Source: Richard, F., Chouinard, Y. and Pothier, F., Département des sciences animales, Université Laval (Québec, QC).
A typical lactation curve can be described as increasing from initial yield at calving to maximum or peak yield, maintaining peak yield, and decreasing from peak yield to the end of lactation. Cows are persistent if they tend to maintain their peak yield within a lactation period.
Literature data suggests cAMP as an efficient molecule to improve milk constituent secretion. The efficacy of cAMP-elevating agents in stimulating the rate of casein secretion has been reported as early as 1975. Intracellular concentration of cyclic nucleotides is actively regulated through synthesis with adenylyl cyclase and through degradation with phosphodiesterase. PDEs are the enzymes that degrade cyclic nucleotides like cAMP into its inactive form, 5’-AMP. The use of non-specific PDE inhibitor resulted in enhancement of lactational performance with an increase in cell number in mammary gland.
We have preliminary data showing that PDE4A and PDE4D transcripts are present in bovine mammary gland. In the rat, type 4 PDE is actively involved in casein secretion. PDE4A and PDE4D transcripts are also present in rat mammary gland. In the mouse, we have developed PDE4D-null animals. They have reproductive problem with a reduced female fertility and an important ovulation problem due to impaired spatio-temporal gene expression in follicular cells. Interestingly, we have reported that the number of pups decreased during the first week of delivery. The pups look healthy.
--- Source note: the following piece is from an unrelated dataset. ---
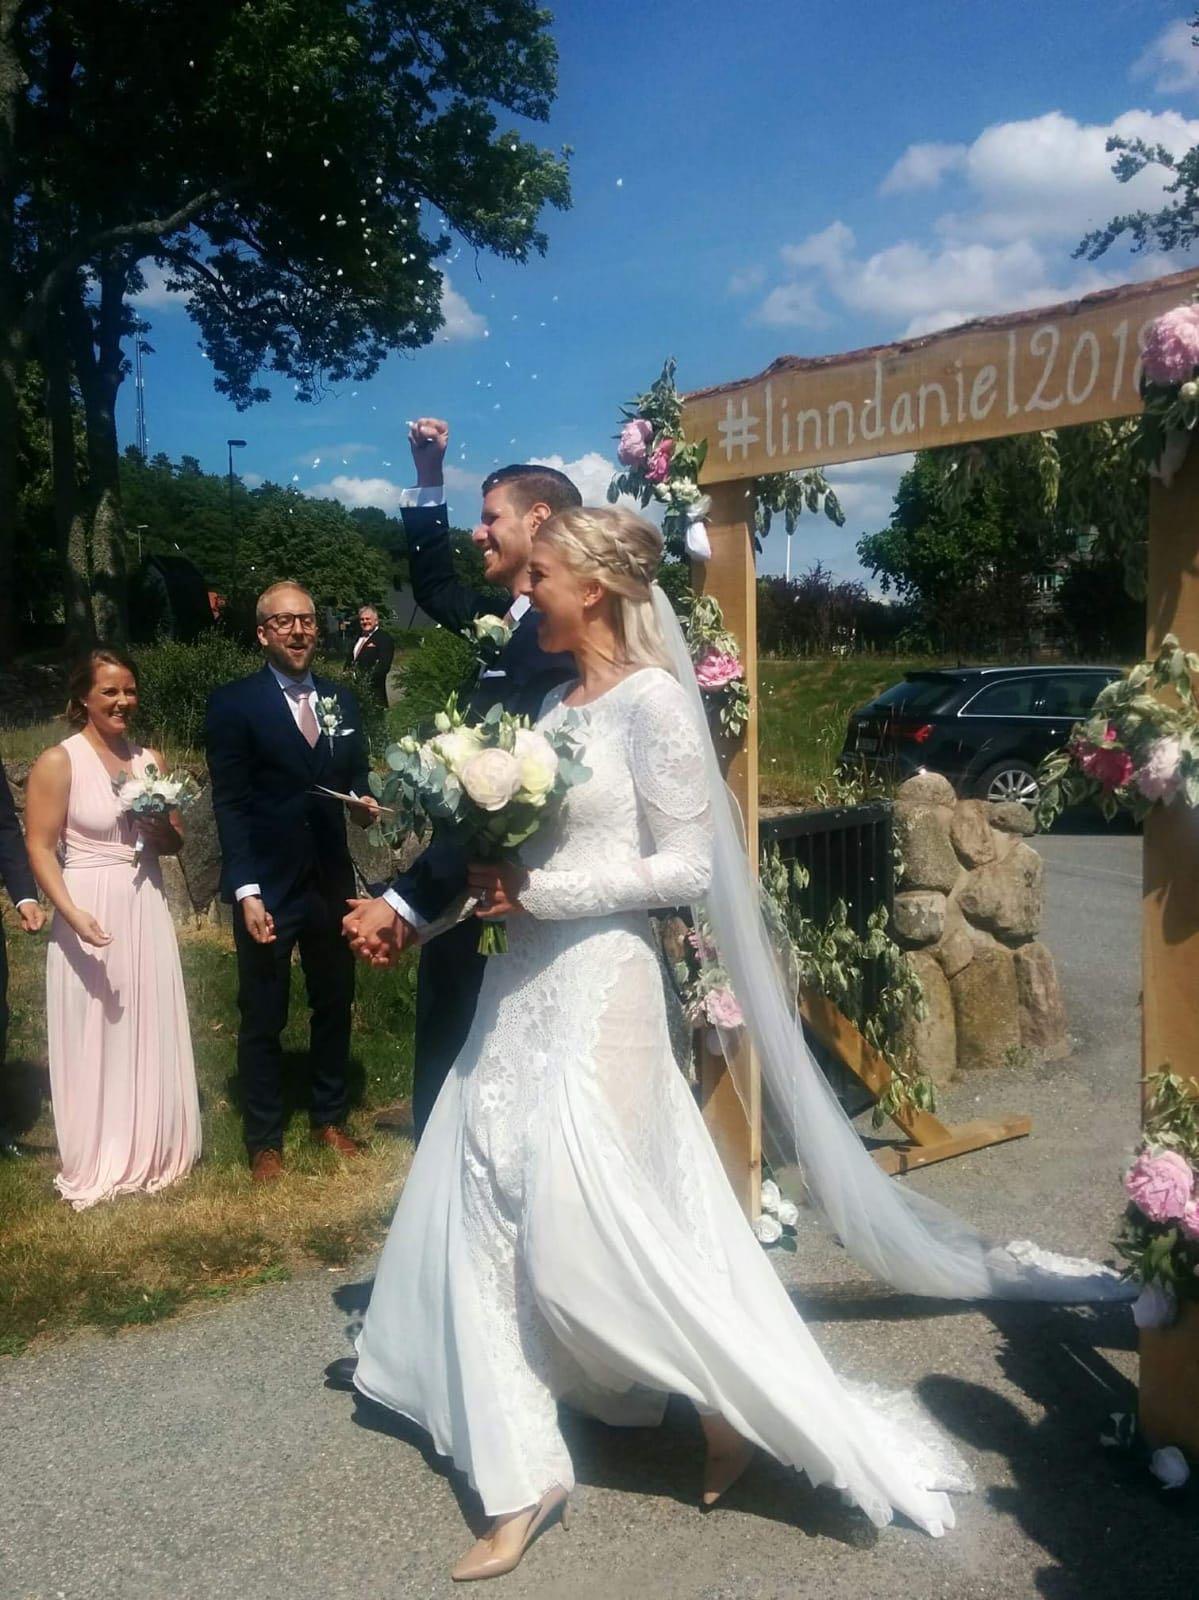 Linn Gustafsson wedding

We can easily speculate a decreased ability of mammary gland to produce milk (low milk yield) to be responsible at least in part for the low survival rate of pups. We have also preliminary data showing the presence of PDE5A transcript and protein in bovine. PDE5A in a cGMP-specific PDE as PDE4 are cAMP-PDE specific. These data are actually incomplete since different pathways regulate PDE activity. The first objective of our project is therefore to establish PDEs expression pattern in mammary gland. This section will be done using mammary tissue from slaughterhouse.
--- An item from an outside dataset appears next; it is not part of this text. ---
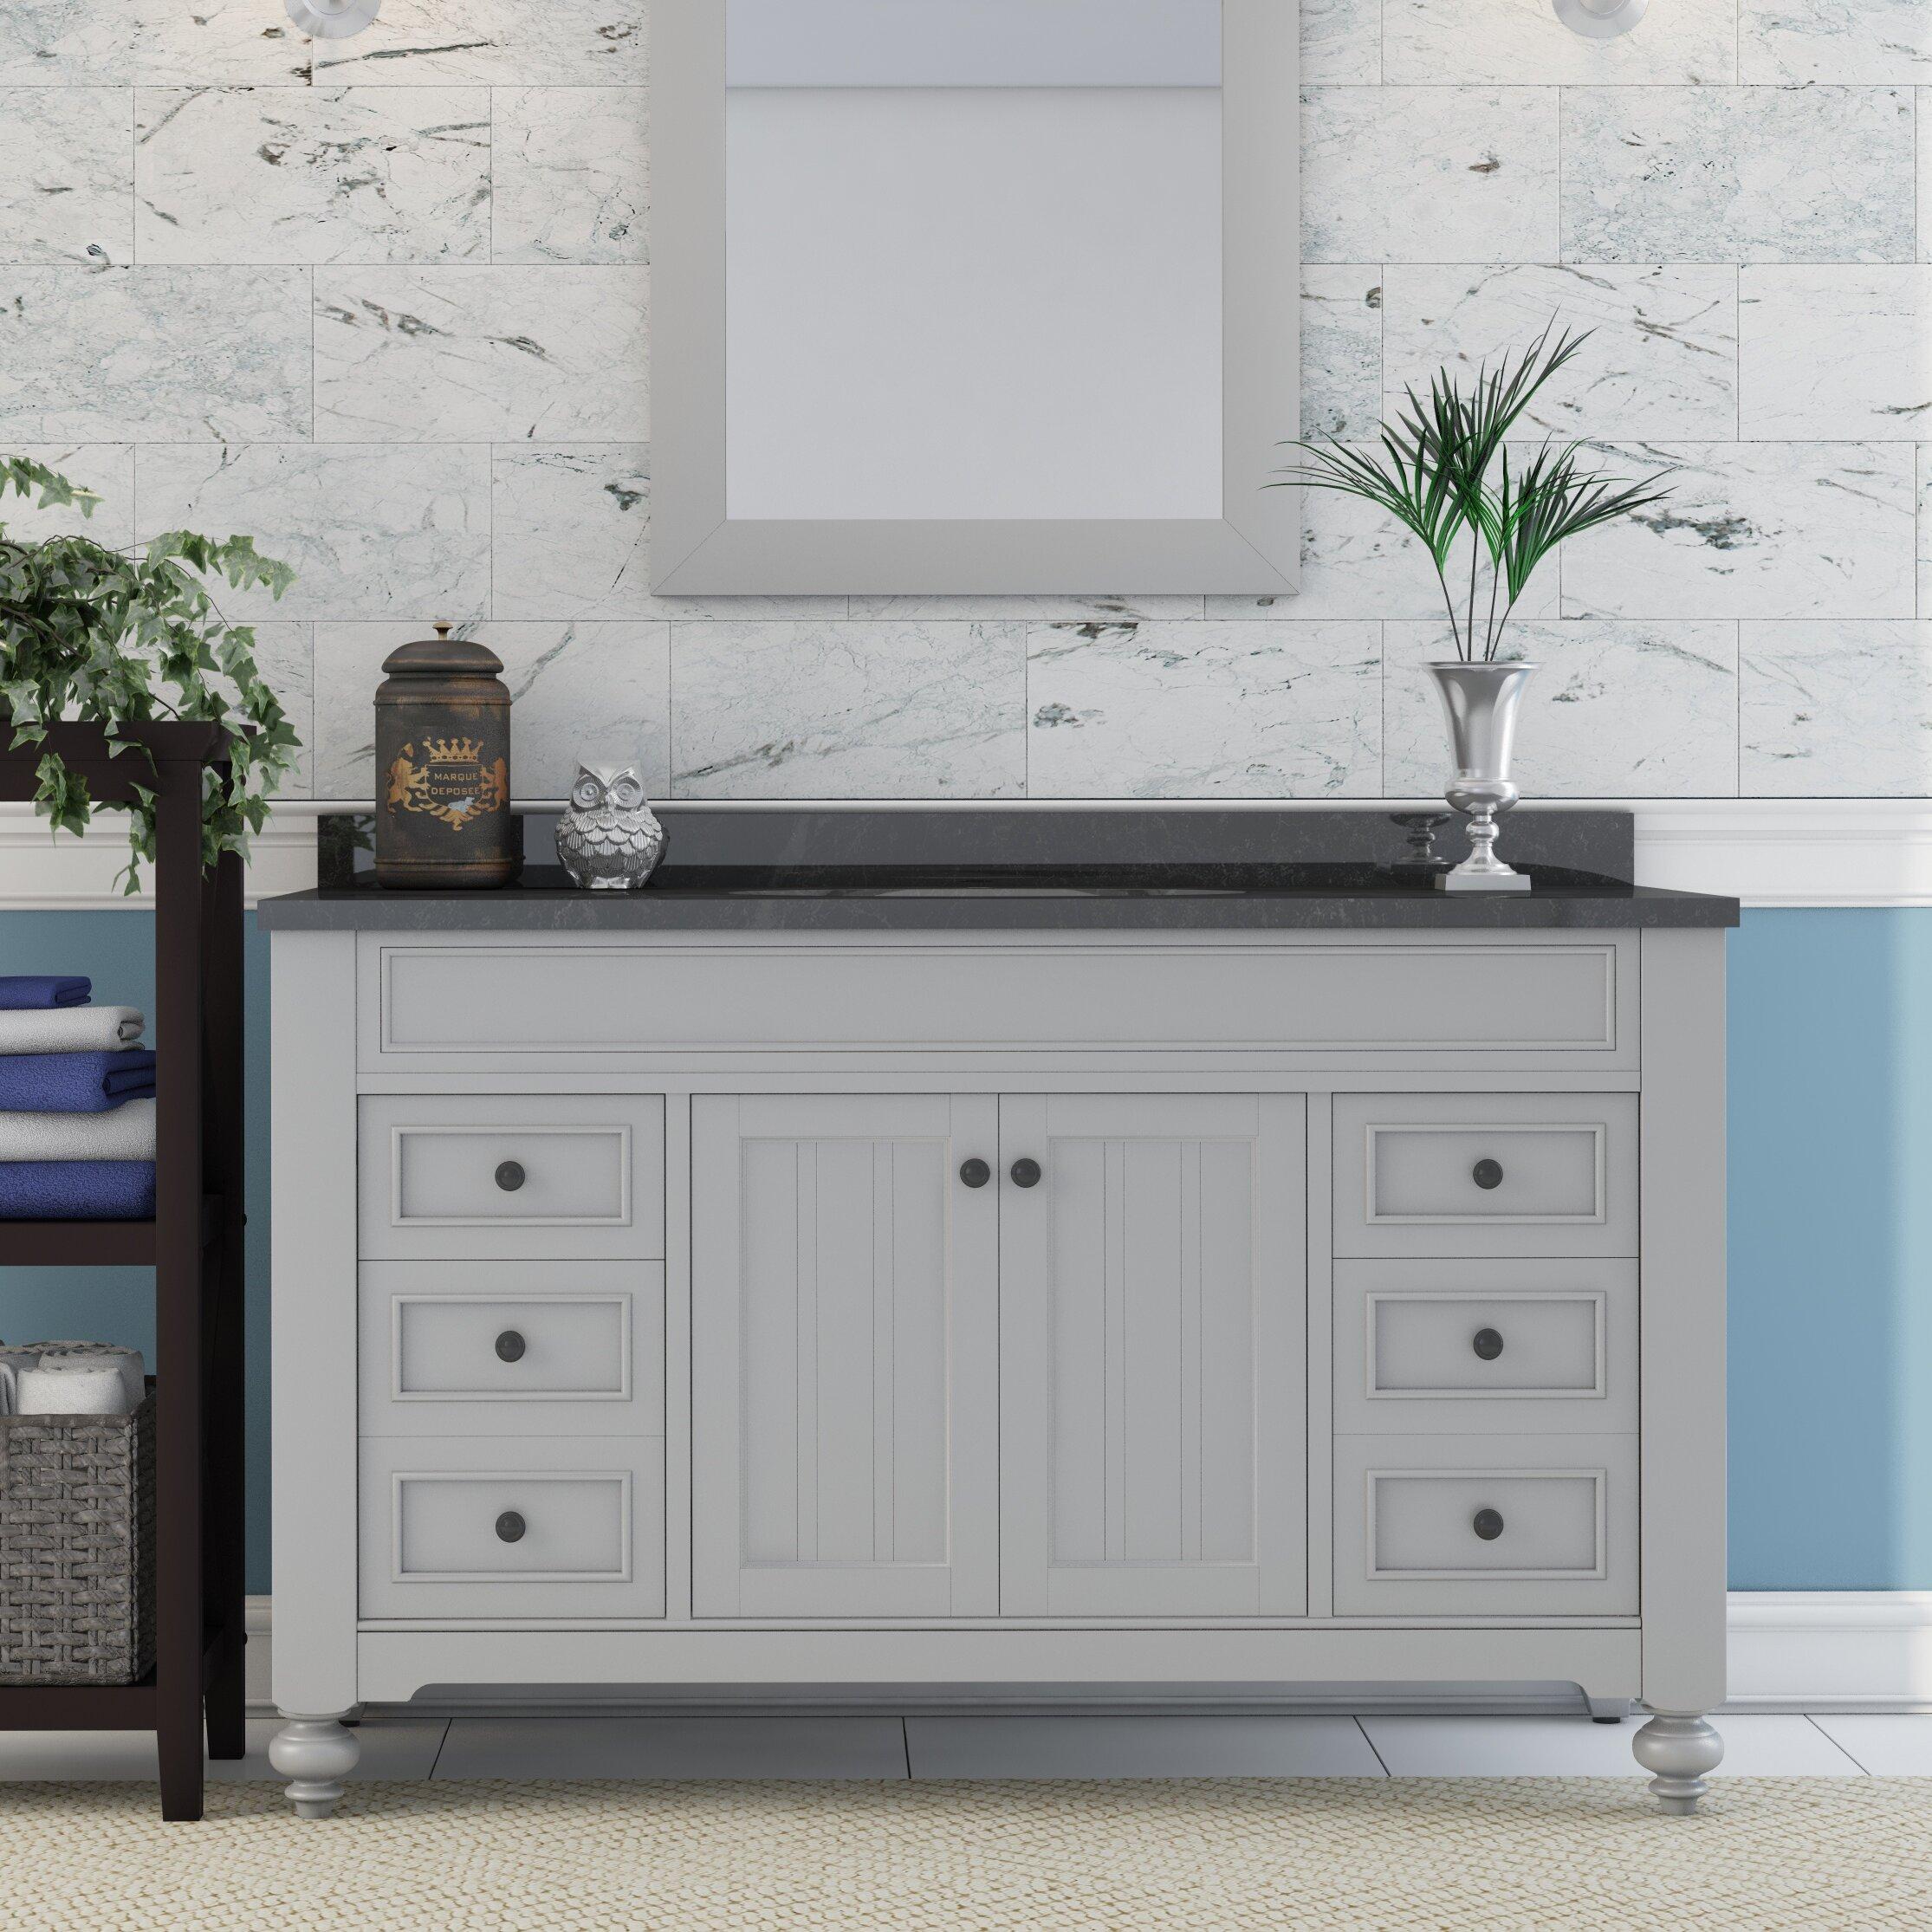 Darby Home Co Cabery 48 Single Bathroom Vanity Set Reviews Wayfair

The second objective is to study the functional regulation of PDEs during a complete lactation. If our hypothesis is confirmed, it would be possible to achieve a better persistency through the use of modulator of PDE activity. We believe that these manipulations can be accomplish through the use of nutraceutical (plant extracts) already available on the market, and known to affect for example cGMP and PDEs activity in human.
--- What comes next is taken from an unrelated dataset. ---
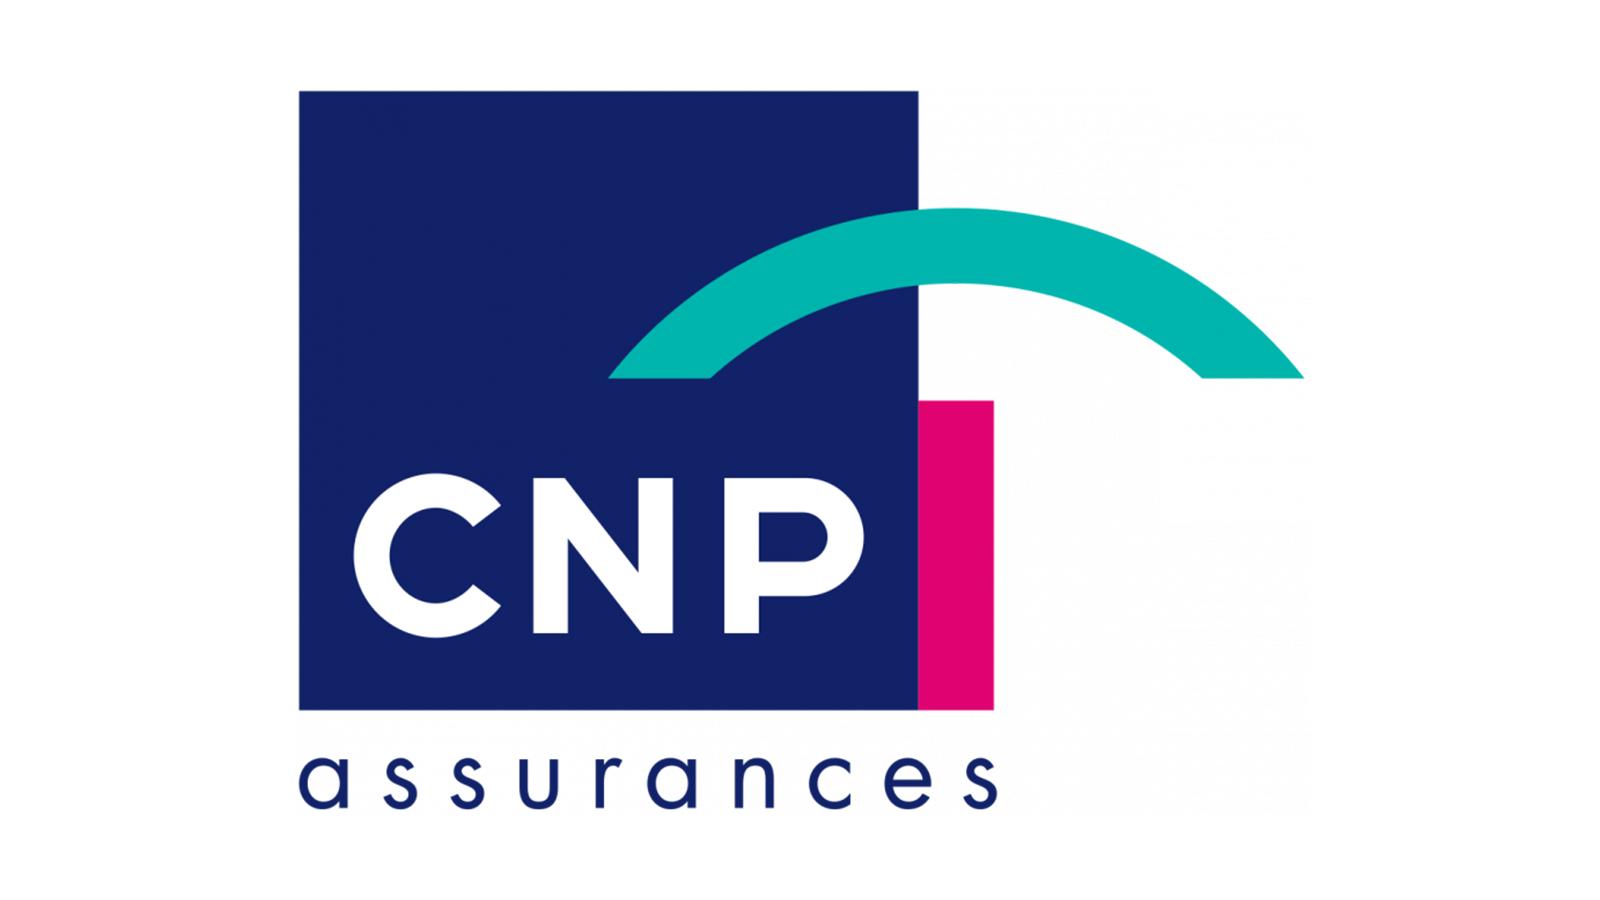 CNP Assurances: Σημαντική συμφωνία με την Caixa Econômica Federal

A first example of potential nutraceutical approach would be the use of the herb Cnidium Monnier, the natural form of 4-methylpiperazine known to increase nitric oxide releases, which stimulate the production of cGMP. A second example would be the seed of Xanthoparmelia Scabrosa, the natural form of pyrazolo pyrimidinome which is known to inhibit the production of PDE5. These 2 products are already available on the market. We are not proposing using this strategy but it is a consideration. If a better persistency can be achieved through the use of cGMP PDEs inhibitor, the producer may chose to maintain milk yield at the peak of lactation, and therefore increase milk production during total lactation. Alternatively, one may wish to maintain the same level of total production by reducing milk yield at the peak of lactation. In that case, cows will have a flatter lactation curves, which is known to reduce the incidence of metabolic and reproductive disorders that originate from the physiological stress of high milk yield would, and the proportion of roughage in the ratio could be increased, thus reducing production costs. In both cases, improving lactation persistency may allow increasing the length of lactation which makes the cows more profitable.
These products can be easily protected against ruminal fermentation by lipid encapsulation before being added in the diets of dairy cows.